AG report placed in Manipur Assembly

Imphal, Mar 25 : The Audit Reports of the Comptroller and Auditor General (CAG), prepared for submission to the Governor under Article 151 of the Indian Constitution, were placed in the state Assembly today.

Two reports were placed, first on the Report of the Comptroller and Auditor General of India (State Finances). This Report is structured in three chapters, commenting on the information emerging from the State Finance Accounts, Appropriation Accounts and comments of State Finances.

The second one was on the report of the Comptroller and Auditor General of India (Civil). This Report has five Chapters containing results of performance reviews and transaction audit.

According to Stephen Hongray, AG(Audit) Manipur, during 2005-10, around 89 to 92 per cent of the Revenue receipt of the State came from the Central Government. The Revenue receipt in 2009-10 remained at the same amount of Rs 3873 crore of 2008-09, mainly due to less devolution of Grants-in-Aids from the Central Government. As a result, there were incipient signs of financial stress to the economy of the State. The Non-tax revenue collection under Power, Water Supply and Sanitation and Irrigation as percentage of their respective Non-plan revenue expenditure during 2008-09 and 2009-10 gave fluctuating figures, indicating that revenue collection for providing these services was not reliable. The cost of revenue collection of Sales tax/VAT among others.

Taxes on vehicles of the State was much higher than the corresponding figures of All India average. An amount of Rs 102.58 crore due to non/short levy (including penalty) of Sales tax/VAT, and professional tax, loss of revenue (energy charges) and non-realisation of registration fee in 67 cases was also noticed during 2009-10.

Grants-in-aid decreased from Rs 2868 crore in 2008-09 to Rs 2840 crore in 2009-10. This had an adverse impact on the Revenue receipt of the State and was the main factor of its stagnation. The Share of Union Taxes/Duties also increased marginally from Rs 581 crore in 2008-09 to Rs 598 crore in 2009-10. The Tax revenue increased by Rs 25.97 crore (15 per cent) from Rs 170.07 crore in 2008-09 to Rs 196.04 crore in 2009-10, mainly due to increase in Sales Tax (T 21.90 crore). As in the previous years, Sales tax (Rs 163.28 crore) remained the major contributor of Tax revenue and accounted for 83 per cent of the tax.

The Non-tax revenue declined by Rs 13.71 crore (5 per cent) from Rs 253.46 crore in 2008-09 to Rs 239.75 crore in 2009-10, mainly due to Miscellaneous General Services (Rs 31.30 cr) and interest receipts of Rs 7.27 crore offset by increase under Power (Rs 15.78 crore) and Public Works (Rs 9.69 crore).

Though the State's Own tax collection was more than its own projection of FCP/MTFPS/Budget estimates, it was lower than the normative assessment of Twelfth Finance Commission (TFC). Collection from own Non-Tax revenue (ONTR) was higher than such projections/assessments.

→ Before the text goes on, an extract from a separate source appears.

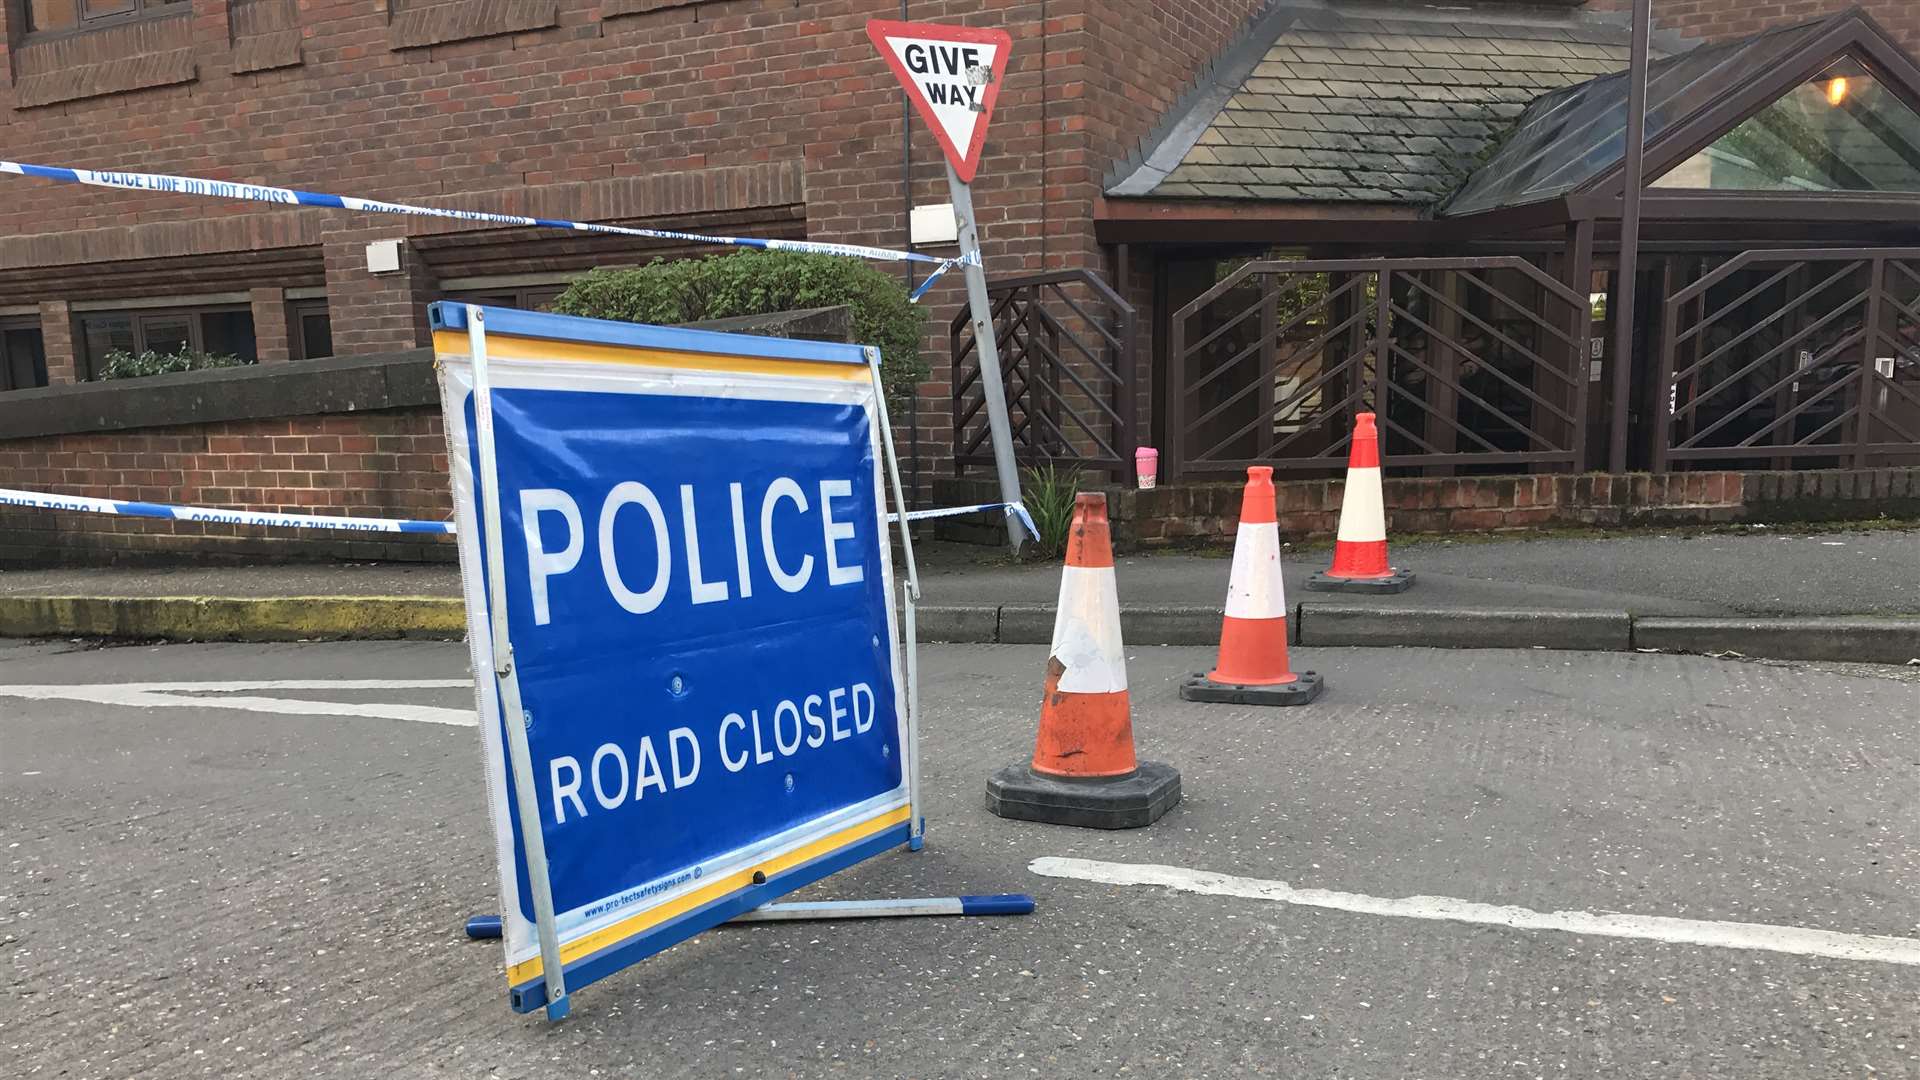 The car park was sealed off by police after Mr Metcalfe's body was found
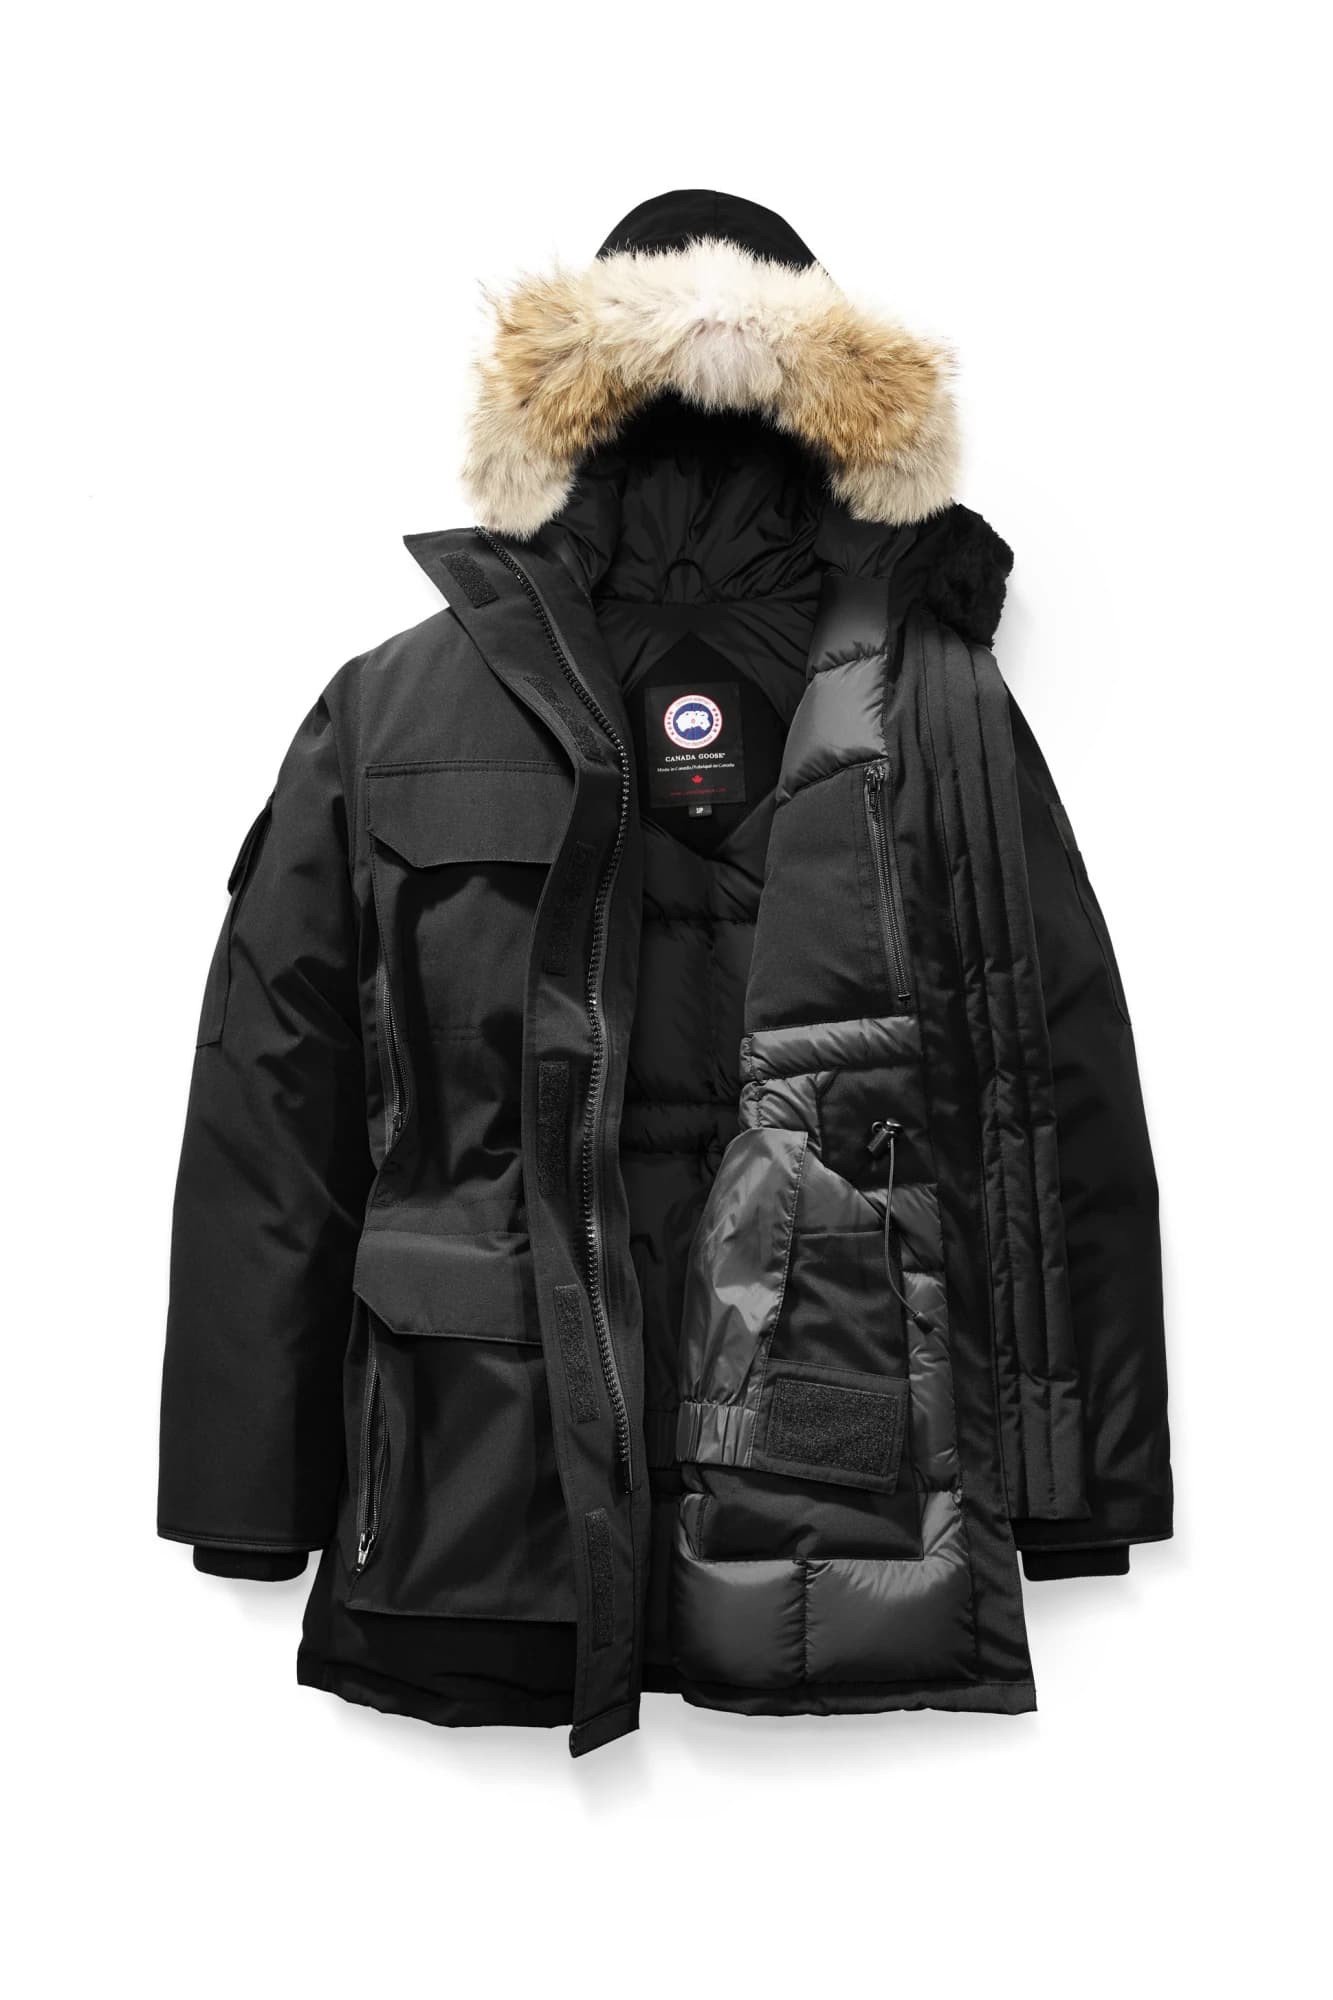 Canada Goose Women's Expedition Parka - Black - XS

In view of the deteriorating fiscal position of the State and mounting Fiscal Liabilities, the State Government should consider to take steps to mobilise additional resources both through tax and non-tax sources by expanding the tax base and rationalising the user charges. Efforts should also be made to increase tax compliance, reduce tax administration costs, and collect revenue arrears and others so that sustainability of debt does not go out of control. Timely action on all conditionality that are pre-requisites to release of funds and timely utilisation of Central funds would aid in increase of the total receipts of the state.